The main purpose of this file is to prove some facts about the Mahler measure of integer polynomials, in particular Northcott's Theorem for the Mahler measure.

Main results

• Polynomial.finite_mahlerMeasure_le: Northcott's Theorem: the set of integer polynomials of degree at most n and Mahler measure at most B is finite.
• Polynomial.card_mahlerMeasure_le_prod: an upper bound on the number of integer polynomials of degree at most n and Mahler measure at most B.
• Polynomial.cyclotomic_mahlerMeasure_eq_one: the Mahler measure of a cyclotomic polynomial is 1.

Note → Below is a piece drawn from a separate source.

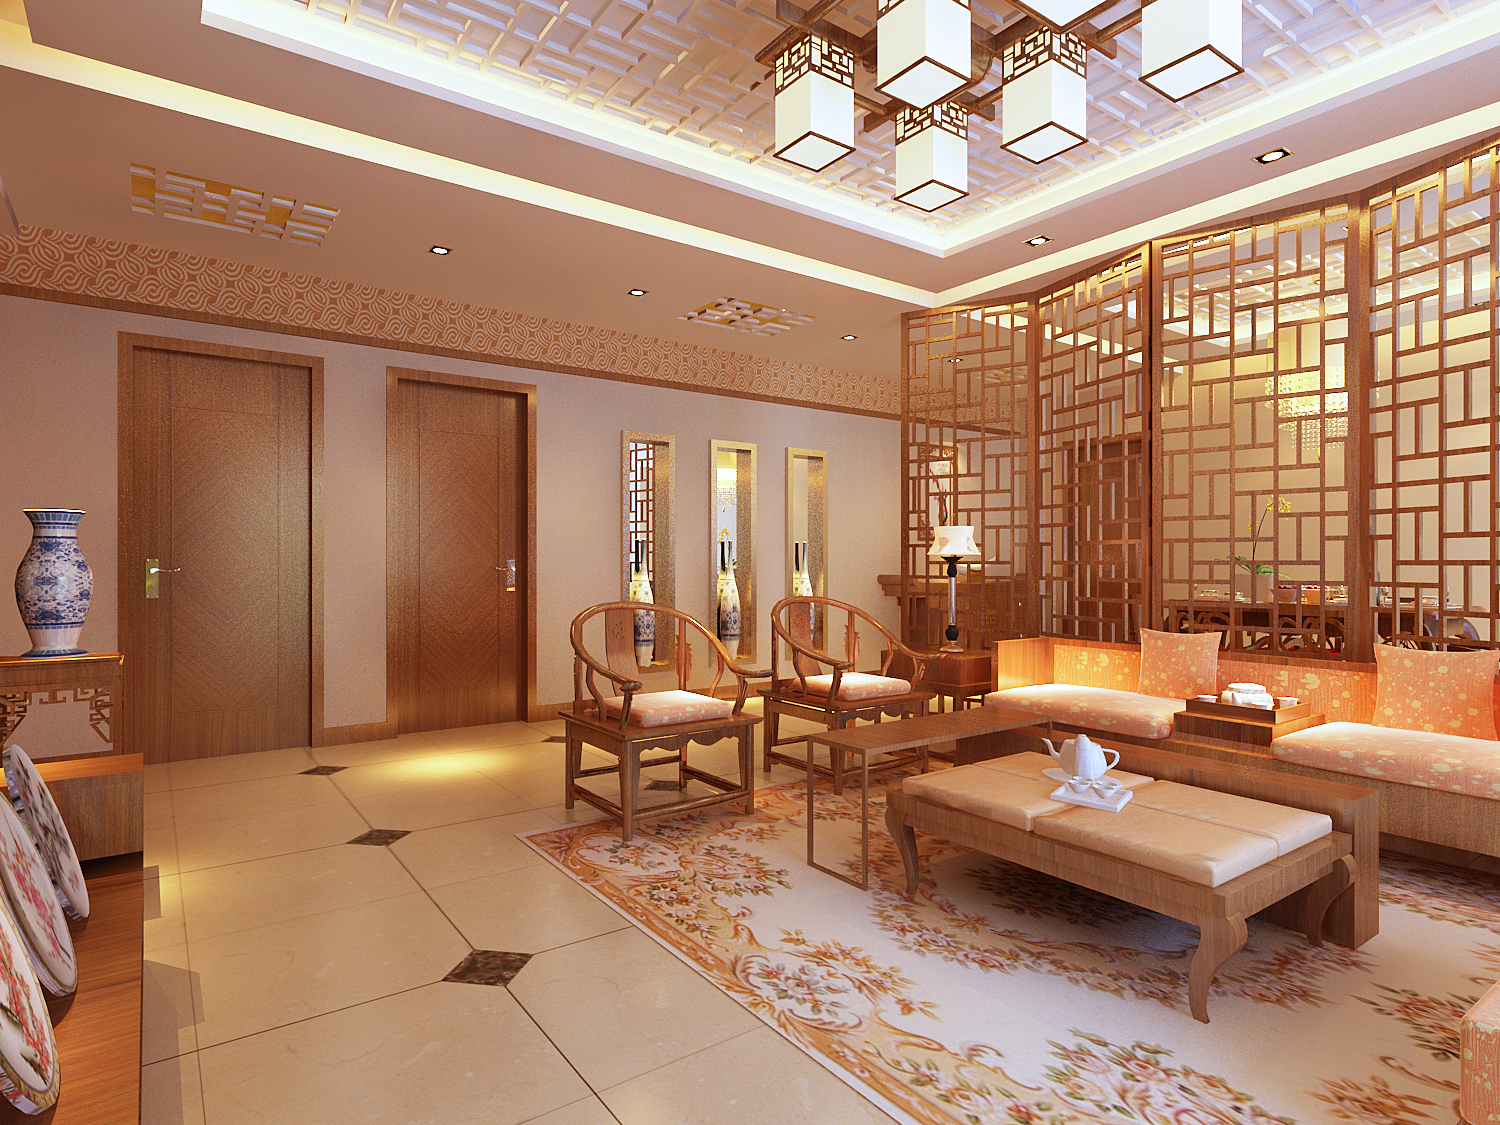 中式 古典 三居 装饰 客厅图片来自南京实创装饰夏雨荷在古香古韵的中式大家风范的分享

theorem Polynomial.one_le_mahlerMeasure_of_ne_zero {p : Polynomial ℤ} (hp : p ≠ 0) : 1 ≤ (map (Int.castRingHom ℂ) p).mahlerMeasure

theorem Polynomial.card_eq_of_natDegree_le_of_coeff_le {n : ℕ} {B₁ B₂ : Fin (n + 1) → ℝ} : {p : Polynomial ℤ | p.natDegree ≤ n ∧ ∀ (i : Fin (n + 1)), B₁ i ≤ ↑(p.coeff ↑i) ∧ ↑(p.coeff ↑i) ≤ B₂ i}.ncard = ∏ i : Fin (n + 1), (⌊B₂ i⌋ - ⌈B₁ i⌉ + 1).toNat

theorem Polynomial.finite_mahlerMeasure_le (n : ℕ) (B : NNReal) : {p : Polynomial ℤ | p.natDegree ≤ n ∧ (map (Int.castRingHom ℂ) p).mahlerMeasure ≤ ↑B}.Finite

Northcott's Theorem: the set of integer polynomials of degree at most n and Mahler measure at most B is finite.

theorem Polynomial.card_mahlerMeasure_le_prod (n : ℕ) (B : NNReal) : {p : Polynomial ℤ | p.natDegree ≤ n ∧ (map (Int.castRingHom ℂ) p).mahlerMeasure ≤ ↑B}.ncard ≤ ∏ i : Fin (n + 1), (2 * ⌊↑(n.choose ↑i) * B⌋₊ + 1)

An upper bound on the number of integer polynomials of degree at most n and Mahler measure at most B.

theorem Polynomial.cyclotomic_mahlerMeasure_eq_one {R : Type u_1} [CommRing R] [Algebra R ℂ] (n : ℕ) : (map (algebraMap R ℂ) (cyclotomic n R)).mahlerMeasure = 1

The Mahler measure of a cyclotomic polynomial is 1.